I agree with Panjandrum here: I always have a solid "d" in front of all those words, and I am a representative of AE pronunciation.


----------



## PSIONMAN

I think it also has to do with the pronounciation of the 'r'

I am Welsh and have no problem rolling my 'r's, but I don't do it in these words and I think my 'dr' sounds more like 'jr'

some people end up saying somethink like 'dwink' for 'drink' when they think too much about the 'd'


----------



## bartonig

BasedowLives said:
			
		

> I'm all about starting threads here today apparantly.
> 
> So, how do you pronounce it?
> 
> It was said to me in another thread that Jrama was an incorrect pronunciation. but i thought of all the dr words i know, and i pronounce them all in that manner.
> 
> drama = jrama
> dreadful = jreadful
> dream = jream
> drake = jrake
> drip = jrip



I think this is quite a commonly used pronunciation of _dr _at the beginning of a syllable (in Britain). Another example is leading _tr _- as in _tree _which is often pronounced _chree_.


----------



## Brioche

j = d + zh  (zh is the sound of s in vi*s*ion)
and
ch = t + sh

Why would drama become d+zh+rama?

Are you sure that's the right sound?

Changing tree into chree sounds a little like the Irish 'narrow' pronuciation of t.


----------



## Kelly B

I have definitely heard the jrama pronunciation around here, but I do not say it that way.


----------



## bartonig

_ Why would drama become d+zh+rama? _t doesn't. It's pronounced starting with a _j _and finishing with _rama_. I think it has to do with the tongue. The front of the tongue makes contact with the hard palate rather than the blade with the alveolar ridge. This also seems to be the explanation for the _t_ to _ch_ change.


----------



## Savoir

<< This thread has been added to a previous thread.  Please read from the top.
Moderator. >>

I just watched "Cats" 's vcd this evening, and I noticed the pronuciation of "drink" as in the song of "Bustopher Jones", and it's like the RP pronunciation in Oxford dictionary."d" followed by "r". However, in real life, we all pronounce something like "j", not "d" followed by "r". 

May I ask the native English speakers (not just UK speakers), no matter where you are,  how you pronounce the "dr" sound as in "drink", "drama" etc.  The more opinions and speakers the better.

I'm just wondering, has the real life pronuciation changed, and becomes something more like "j", but the dictionary's phonetic symbols hasn't been revised? If I teach my students phonetics, how should I explain this, esp the "dr" sound?

Thanks.


----------



## tinlizzy

As a native speaker I would say dr-ink. I can only think of one example where the dr would sound like a j- "Did ya drink ...." The sloppy ya instead of you would twist the dr into a j if I were talking fast or maybe singing a song.


----------



## The Scrivener

I would never pronounce "drink" as "jink".  My children did when they were beginning to talk.

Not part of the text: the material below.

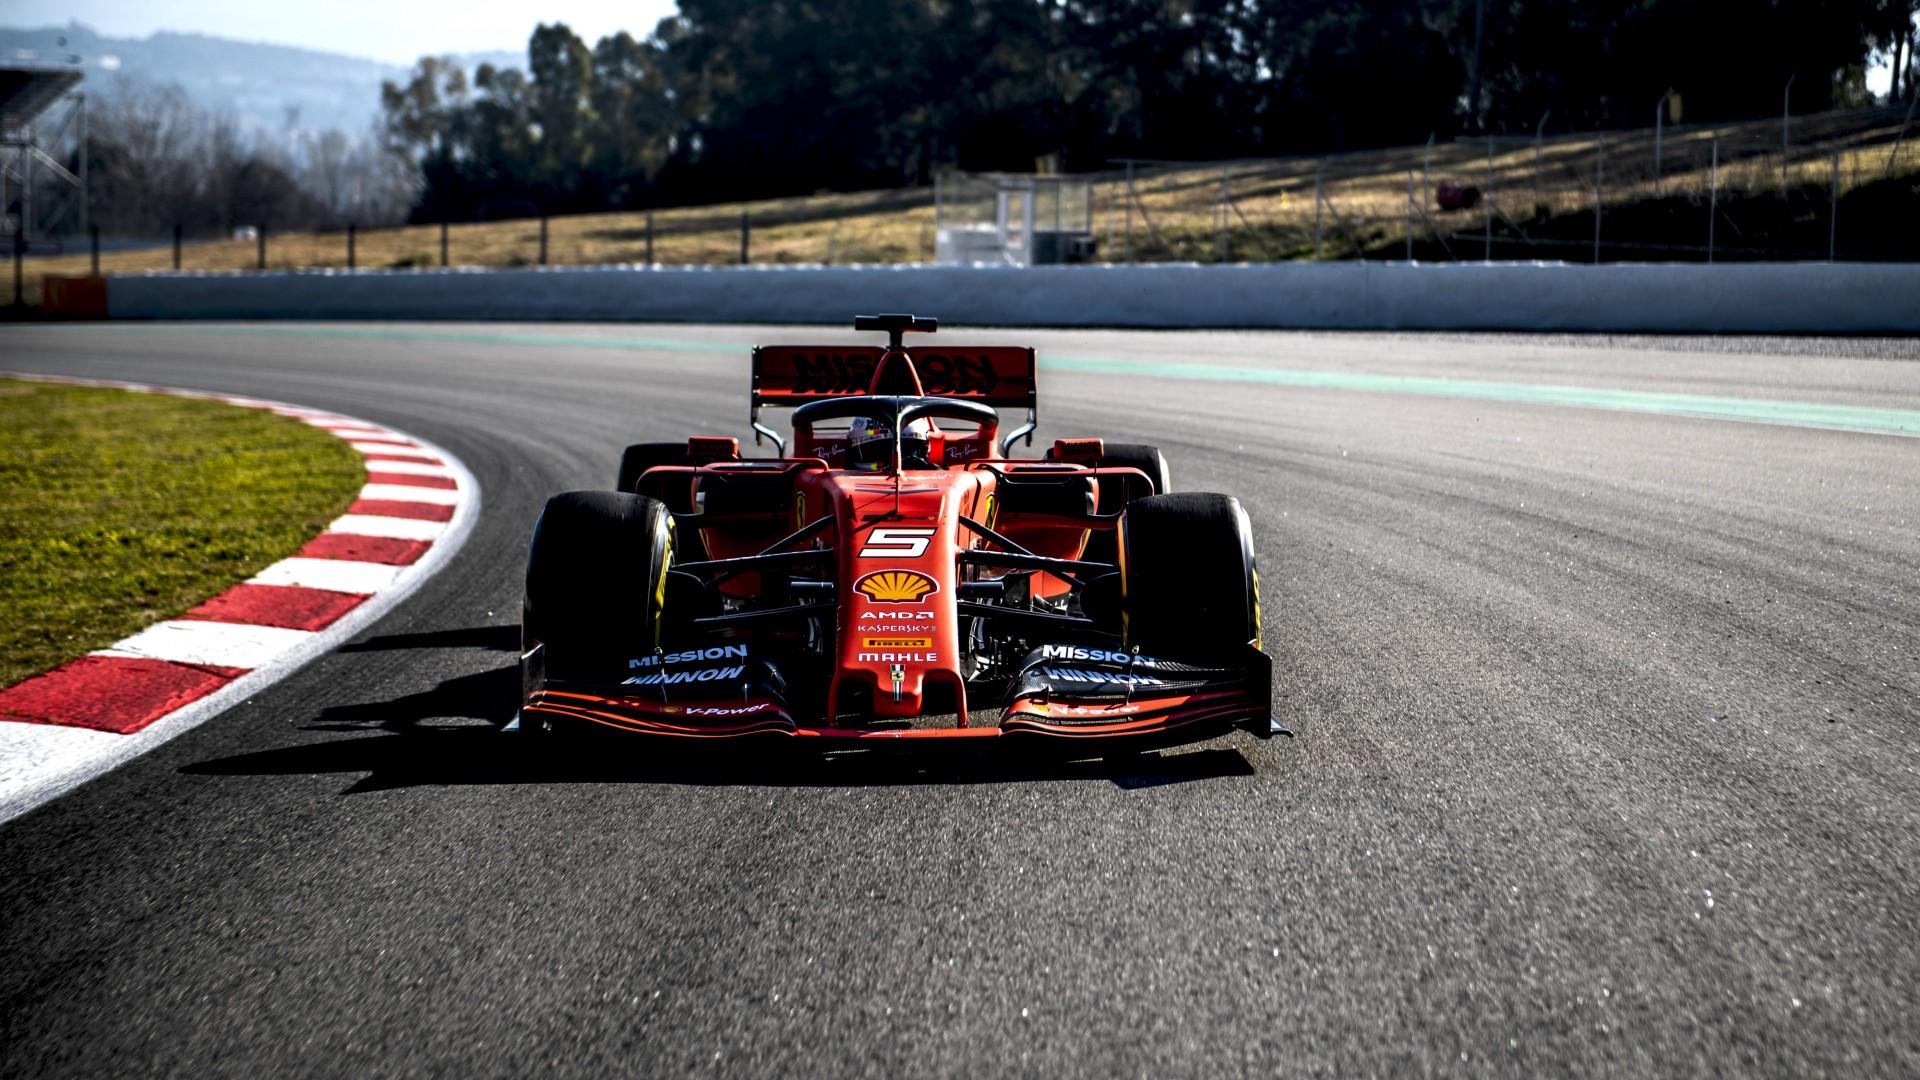 Ferrari Sf90 Formula 1 2019 5k 2 Wallpaper
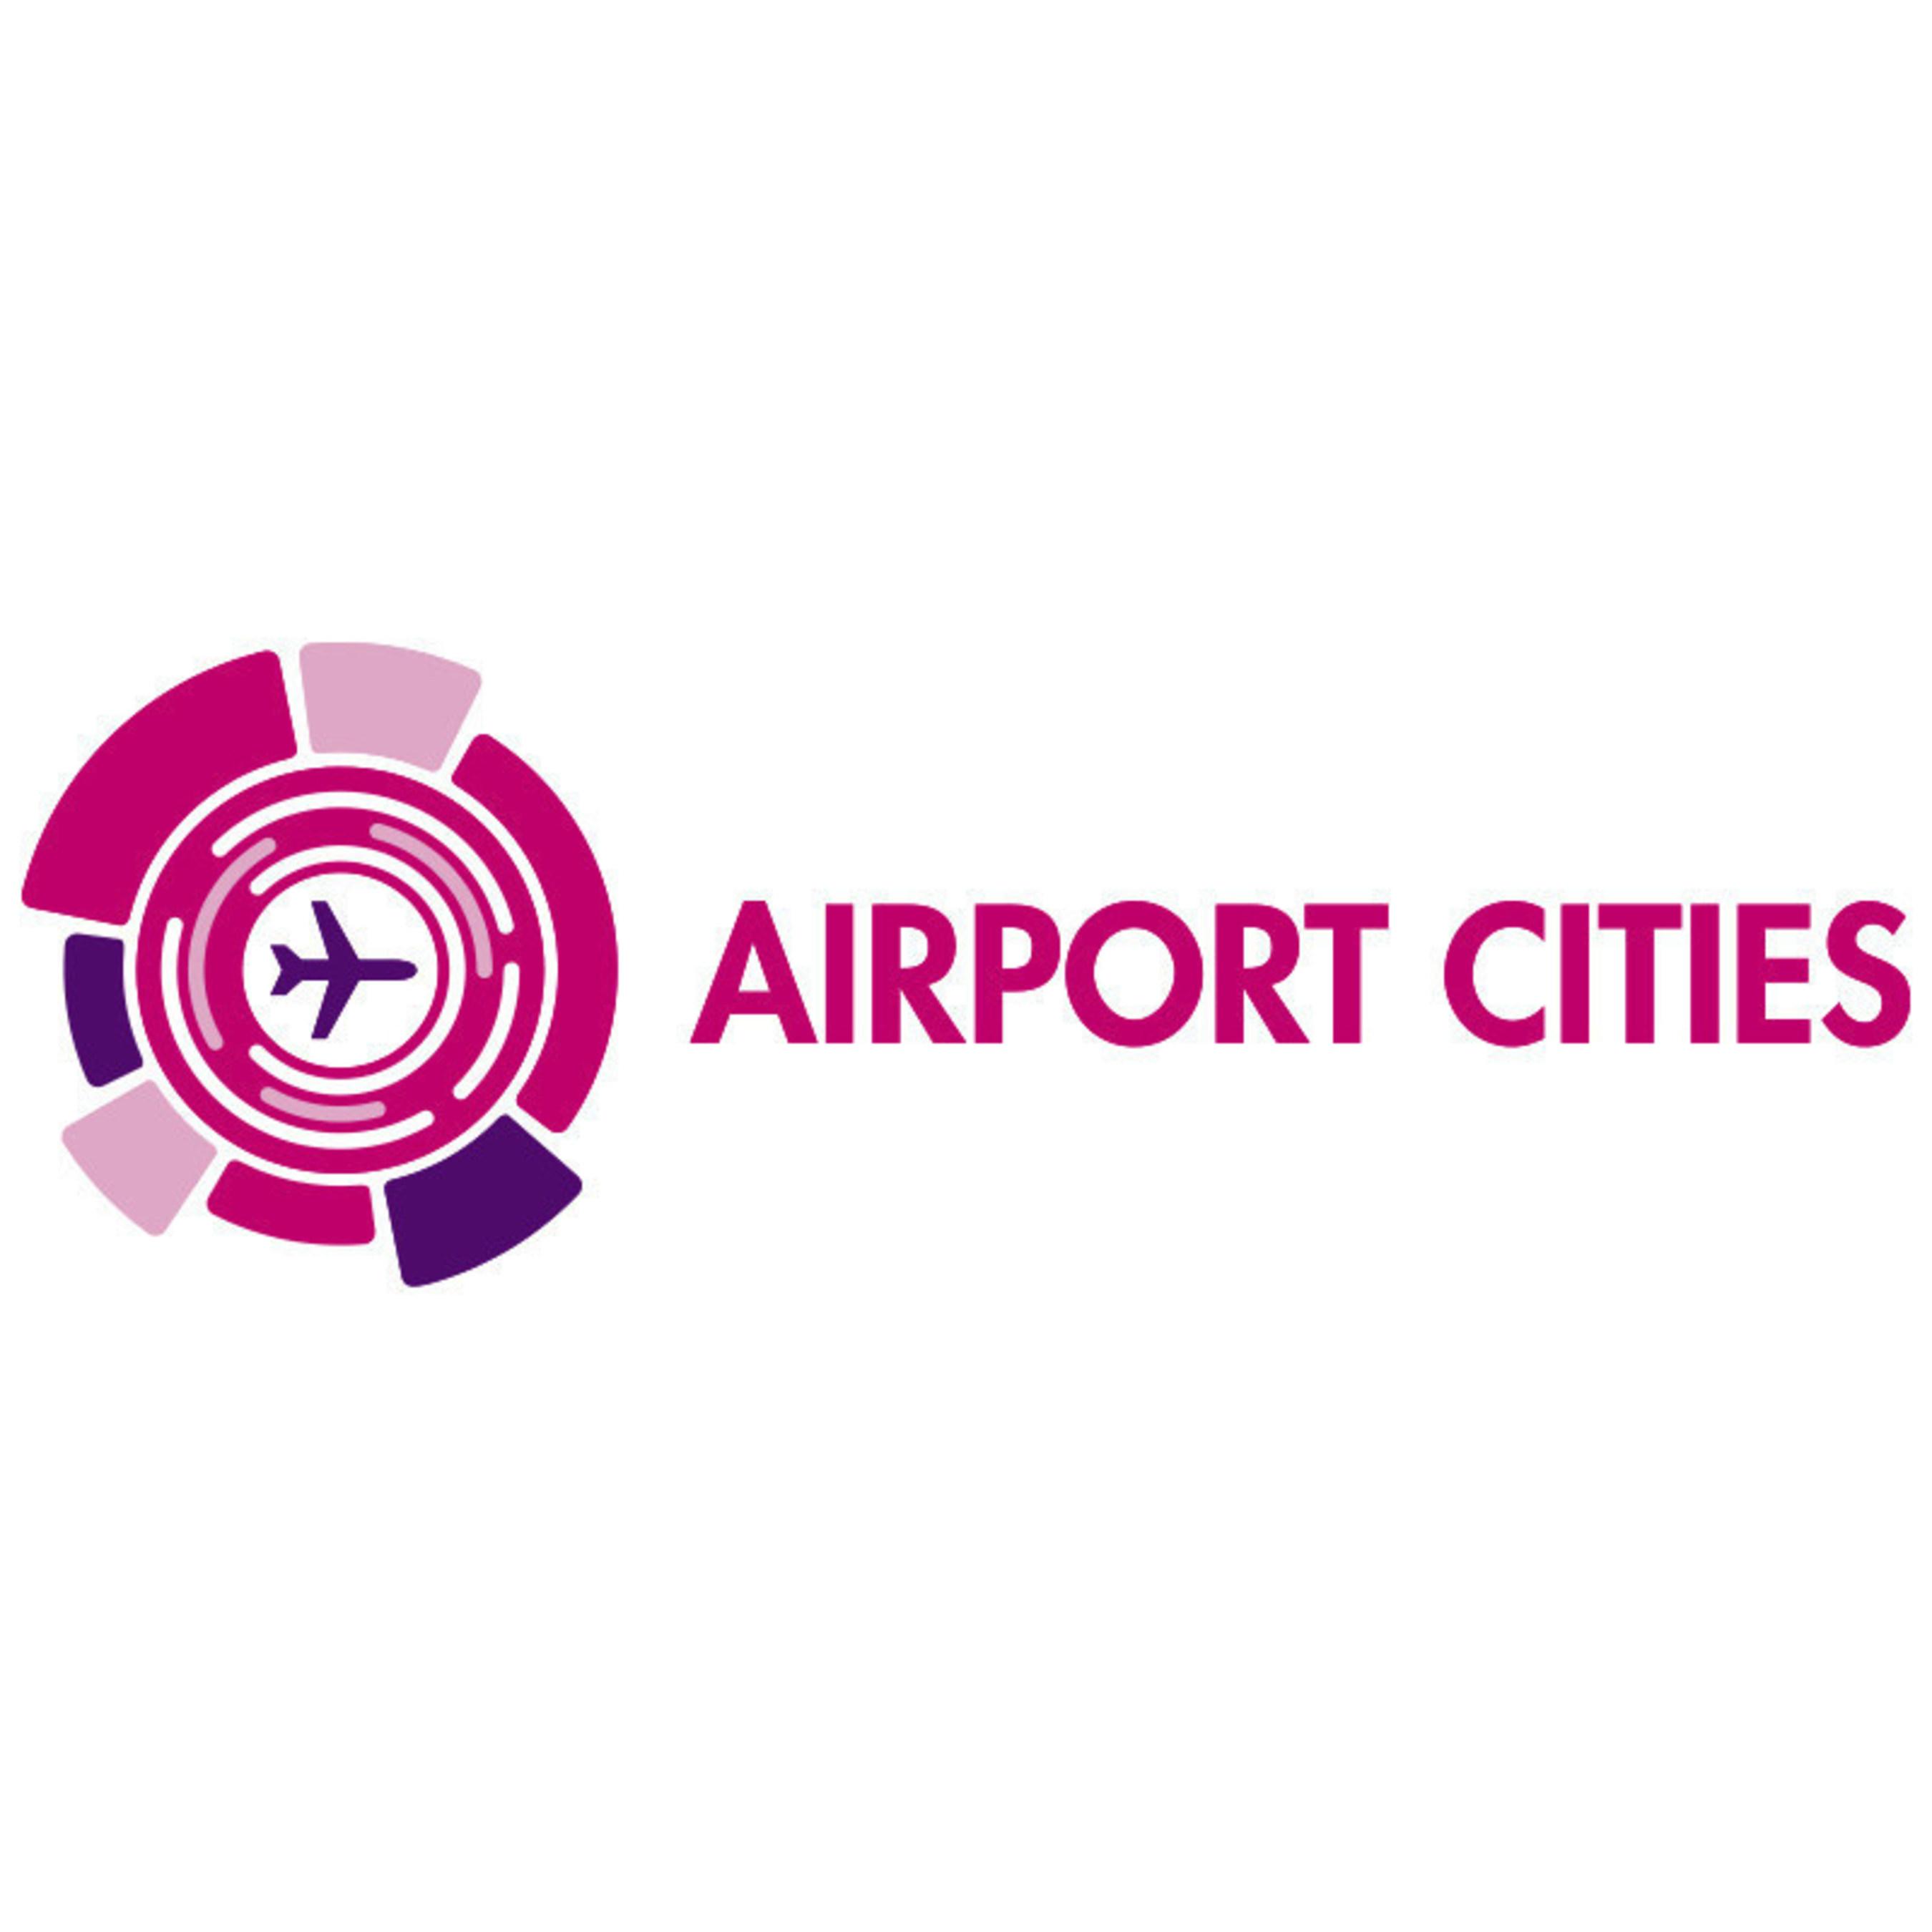 Airport Cities Logo

Any words beginning with "dr" are pronounced correctly - drawer, driver, dress, dream, drivel, draught, dreadful, etc.


----------



## sound shift

I agree with post #3 [= post 11 in the merged thread]

[Note added by Nat]


----------



## Dempsey

I think I pronounce it like "jrink". It is easier to say than "drink".
Apparently it depends on your accent.


----------



## ernest_

Savoir said:


> However, in real life, we all pronounce something like "j", not "d" followed by "r".



It's probably the aspiration after the /d/ followed by /r/ that sounds a bit like "j", but it's not quite the same. Try saying "try" with and without aspiration and you'll see what I'm talking about.


----------



## panjandrum

I'm another dr- person, but I see that there are lots of jrink references around.
There's even a bar in London called Jrink. 





> Jrink is a stylishly seductive bar that serves a plethora of excellent drinks including an impressive cocktail menu. Jrink's appeal really comes to the fore with its regular music nights - where quality acts of all genres entertain a vibrant and friendly crowd.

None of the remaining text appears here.